The rapid development of AI Generative models, especially deep generative AI models, has significantly advanced capabilities in natural language generation, 3D generation, image generation, and speech synthesis. These models have revolutionized 3D production across various industries. Nevertheless, many face a challenge: their complex wiring and generated meshes often aren’t compatible with traditional rendering pipelines like Physically Based Rendering (PBR). Diffusion-based models, notably without lighting textures, show impressive diverse 3D asset generation, enhancing 3D frameworks in filmmaking, gaming, and AR/VR.
This text introduces Paint3D, a novel framework for producing diverse, high-resolution 2K UV texture maps for untextured 3D meshes, conditioned on visual or textual inputs.
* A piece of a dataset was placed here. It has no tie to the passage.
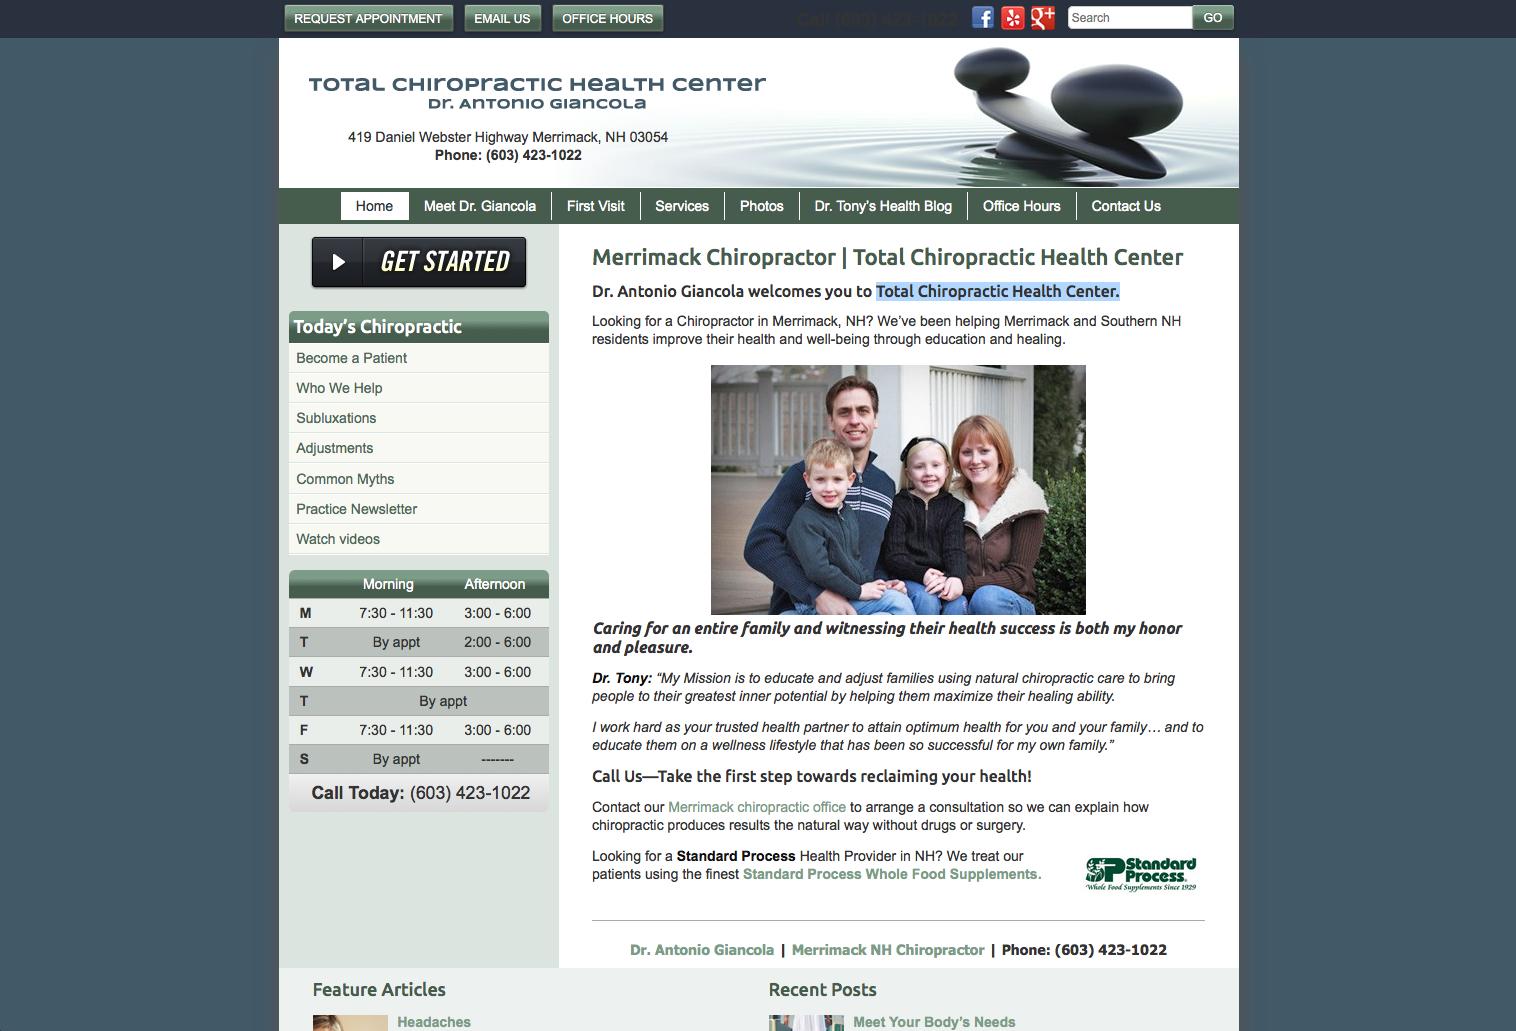 Total Chiropractic Health Center

Paint3D’s important challenge is generating high-quality textures without embedded illumination, enabling user re-editing or re-lighting inside modern graphics pipelines. It employs a pre-trained 2D diffusion model for multi-view texture fusion, generating initial coarse texture maps. Nevertheless, these maps often show illumination artifacts and incomplete areas on account of the 2D model’s limitations in disabling lighting effects and fully representing 3D shapes. We’ll delve into Paint3D’s workings, architecture, and comparisons with other deep generative frameworks. Let’s begin.
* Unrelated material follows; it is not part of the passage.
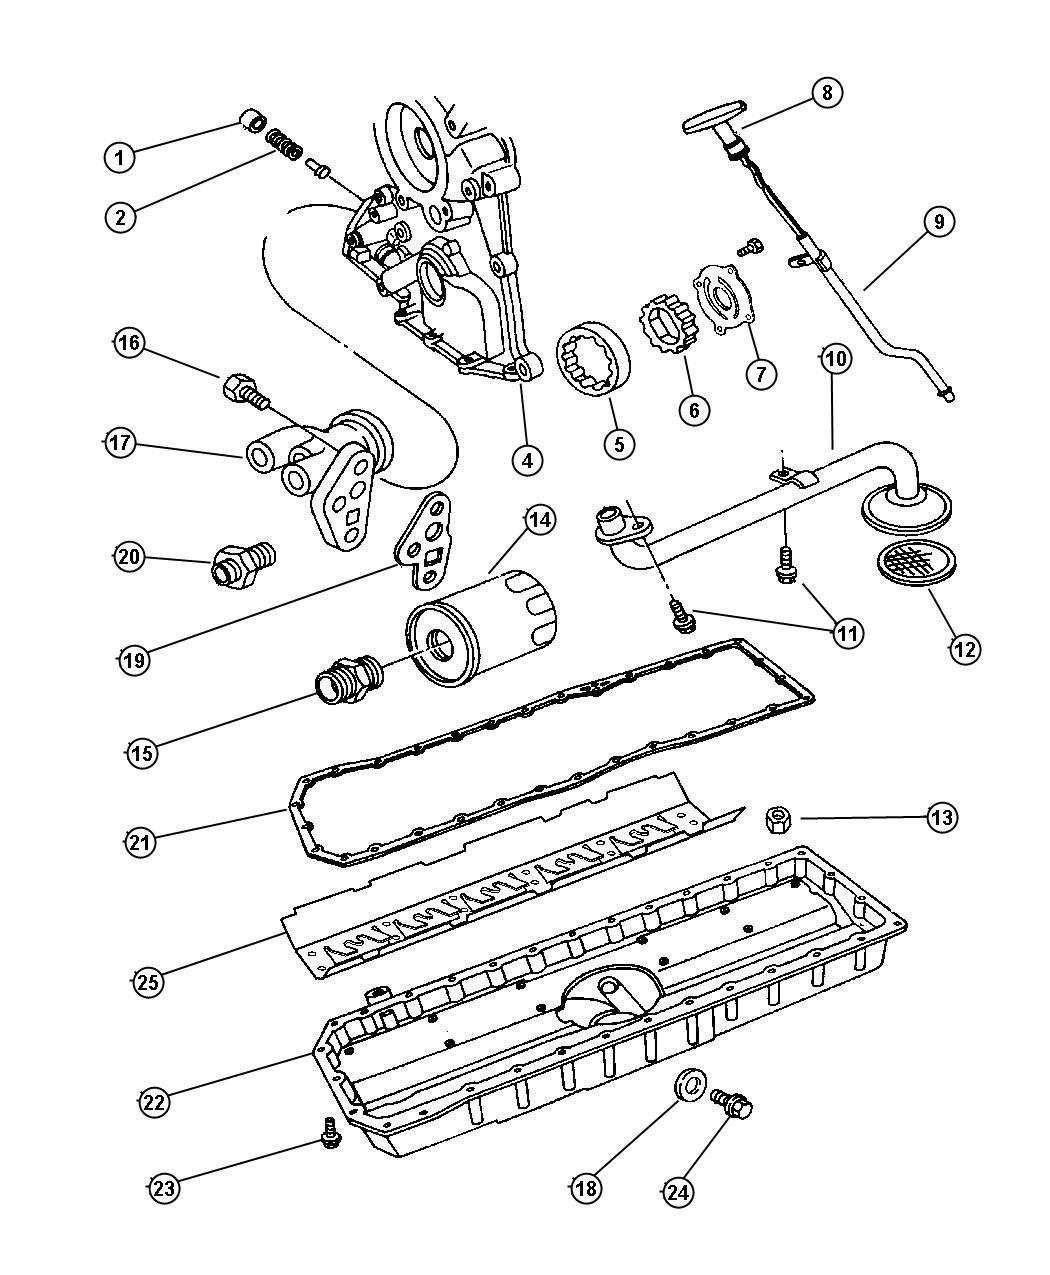 Dodge Viper Engine Oiling 8 0l Engine

The capabilities of Deep Generative AI models in natural language generation, 3D generation, and image synthesis tasks is well-known and implemented in real-life applications, revolutionizing the 3D generation industry. Despite their remarkable capabilities, modern deep generative AI frameworks generate meshes which might be characterised by complex wiring and chaotic lighting textures which might be often incompatible with conventional rendering pipelines including PBR or Physically based Rendering. Like deep generative AI models, texture synthesis has also advanced rapidly especially in utilizing 2D diffusion models. Texture synthesis models employ pre-trained depth-to-image diffusion models effectively to make use of text conditions to generate high-quality textures. Nevertheless, these approaches face troubles with pre-illuminated textures that may significantly impact the ultimate 3D environment renderings and introduce lighting errors when the lights are modified inside the common workflows as demonstrated in the next image.
As it may possibly be observed, the feel map with free illumination works in sync with the standard rendering pipelines delivering accurate results whereas the feel map with pre-illumination includes inappropriate shadows when relighting is applied. However, texture generation frameworks trained on 3D data offer another approach through which the framework generates the textures by comprehending a particular 3D object’s entire geometry. Although they could deliver higher results, texture generation frameworks trained on 3D data lack generalization capabilities that hinders their capability to use the model to 3D objects outside their training data.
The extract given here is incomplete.